In the run-up to the European elections last June, the Palestinian question and the condemnation of Israel's war in the Gaza Strip became a central issue in French politics. Even more so than Russia's invasion of Ukraine, support for the Palestinians is now a deeply divisive domestic political matter, which is rarely the case for international issues that are seldom debated in France's Parliament or during election campaigns.
The turning point for La France Insoumise (LFI) was symbolized by the recruitment of French-Palestinian activist Rima Hassan as a candidate for the European elections. The new member of the European Parliament, put forward by LFI leader Jean-Luc Mélenchon, has since set the tone for LFI's positions on the post-October 7 events through her virulent messages on social media. Already used previously by several LFI members, the word "genocide" has become the party's systematic term to designate the large-scale massacres of civilians in Gaza by Israeli bombing.
This reflects the determination of LFI and Mélenchon to make the Palestinian question a marker of the left, reviving the tradition of the Parti Communiste Français (PCF), long a friend to Fatah and the Palestine Liberation Organization, the groups founded by Yasser Arafat. Mélenchon is also not devoid of a desire to put pressure on the other left-wing parties, the Socialists and the PCF, which the massacres perpetrated by Hamas on October 7, 2023, have deeply shaken and even divided. Finally, his constant references to "young people" and "neighborhoods," often associated with the Palestinian cause, fit into a pattern of trying to recruit voters in France's Arab-Muslim community, estimated to be between 4 and 8 million strong. His gamble has had mixed results: the Socialists outperformed LFI in the European elections.
'Witch hunt'
Thomas Portes, LFI's point man on the Palestinian question, has a long experience of activism on the issue: He himself took part in several campaigns in the 2000s and 2010s, when he was a Communist activist, later with the Greens, before finally joining LFI. There are three points on which members of LFI agree, he said: the fact that a genocide is underway, the need to recognize the Palestinian state and the need to impose sanctions on Israel – an arms embargo and the suspension of association agreements with the European Union.

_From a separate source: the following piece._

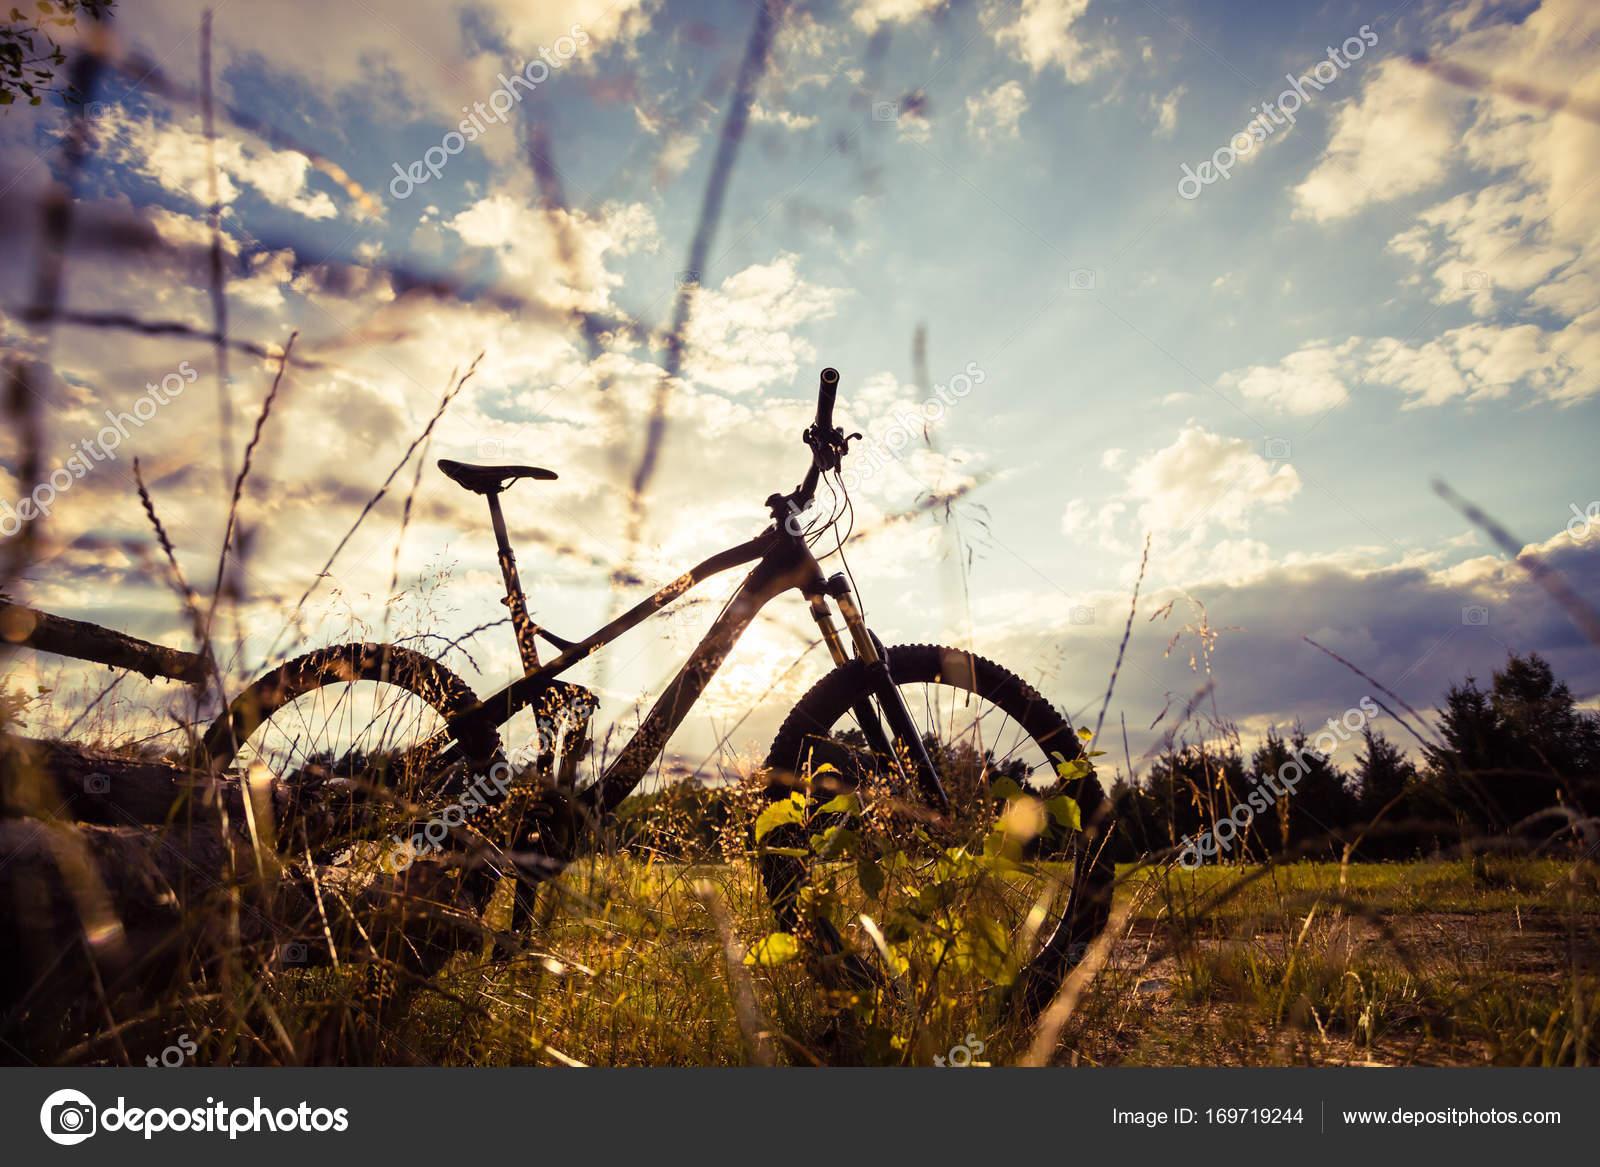 Mountainbike mtb auf gr nen sommer waldweg inspirierende la stockfoto blasbike 169719244 - Inspirierende bilder ...
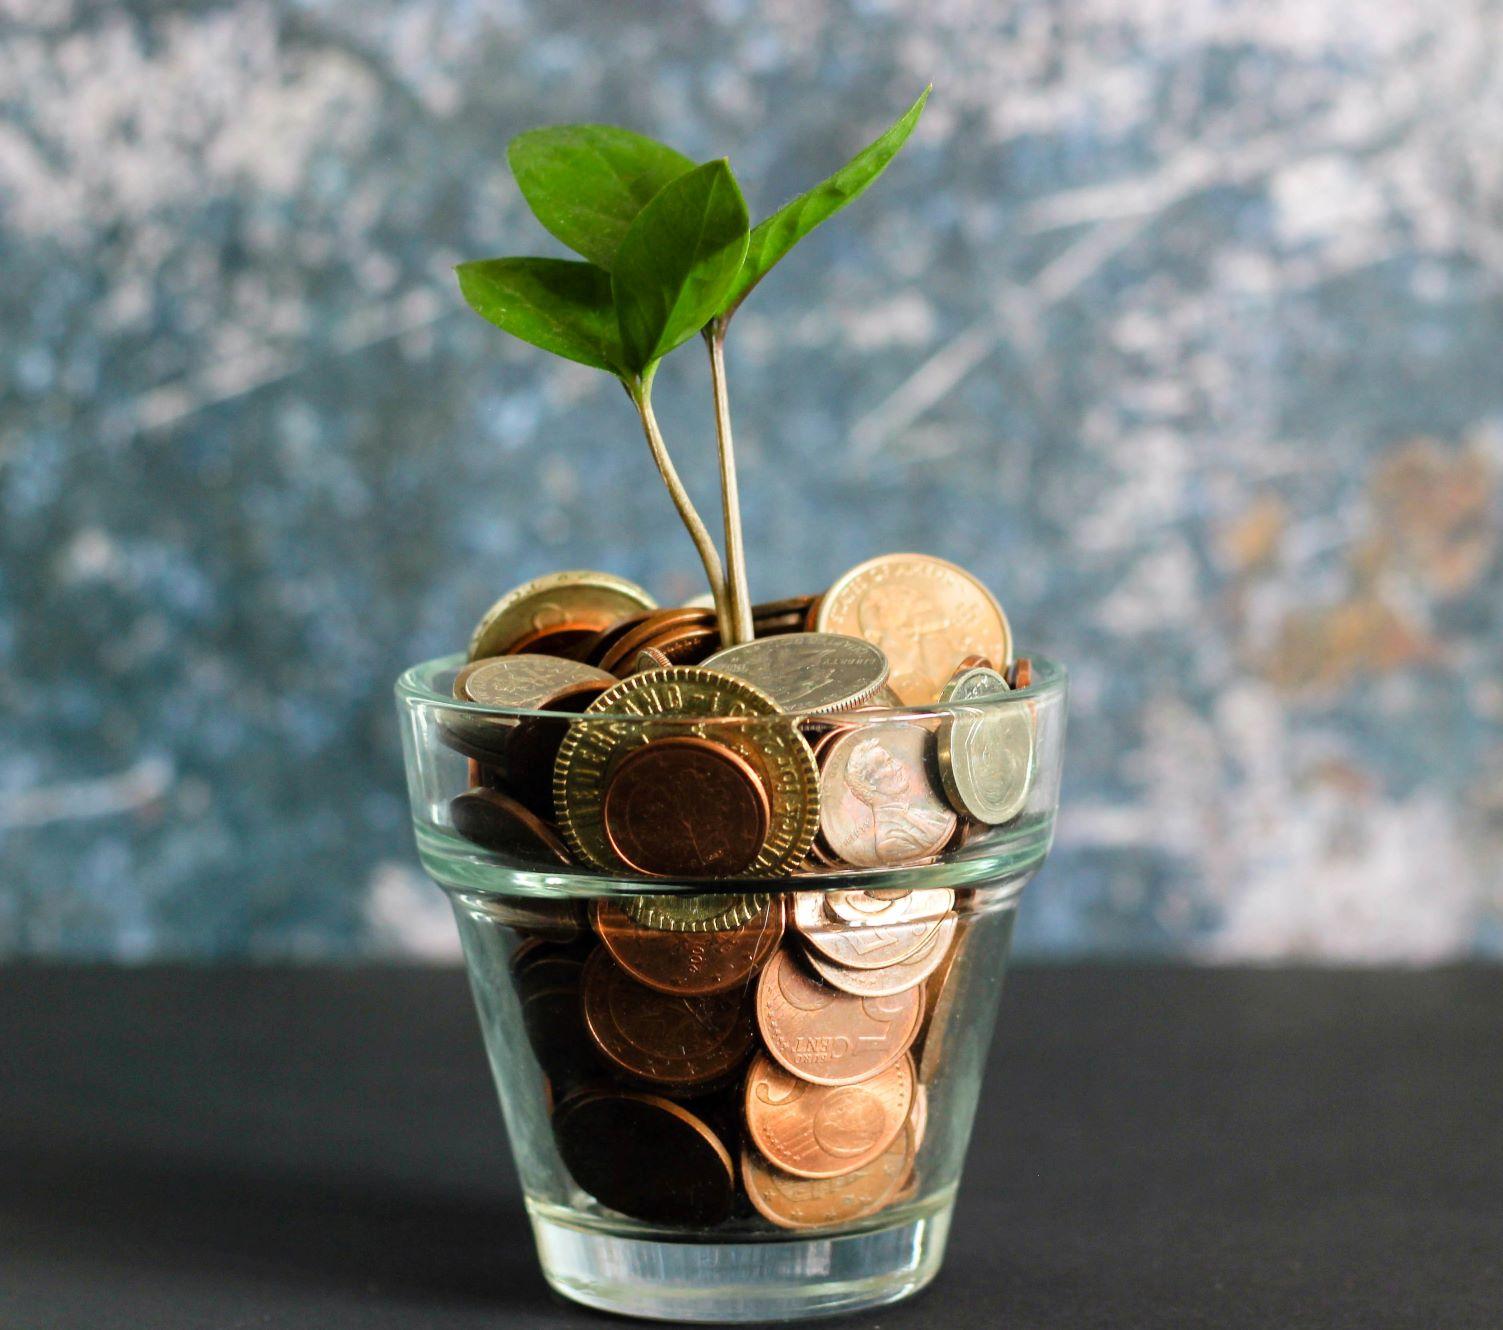 Keimling aus dem mit Münzen befüllten Töpfchen

He defends the use of the word "genocide" by quoting the positions taken by various UN bodies and the International Court of Justice: "No one is minimizing what the Jews went through in the Second World War, but we can't refrain from using this term when there is a desire to totally or partially eliminate a people. You have to use it even if it creates a debate or a disturbance." Young people, Portes said, are particularly sensitive to the "colonial prism" and "double standards" at work in the Palestinian territories and on the world's diplomatic stage. "Young people today want peace, injustice revolts them," he said.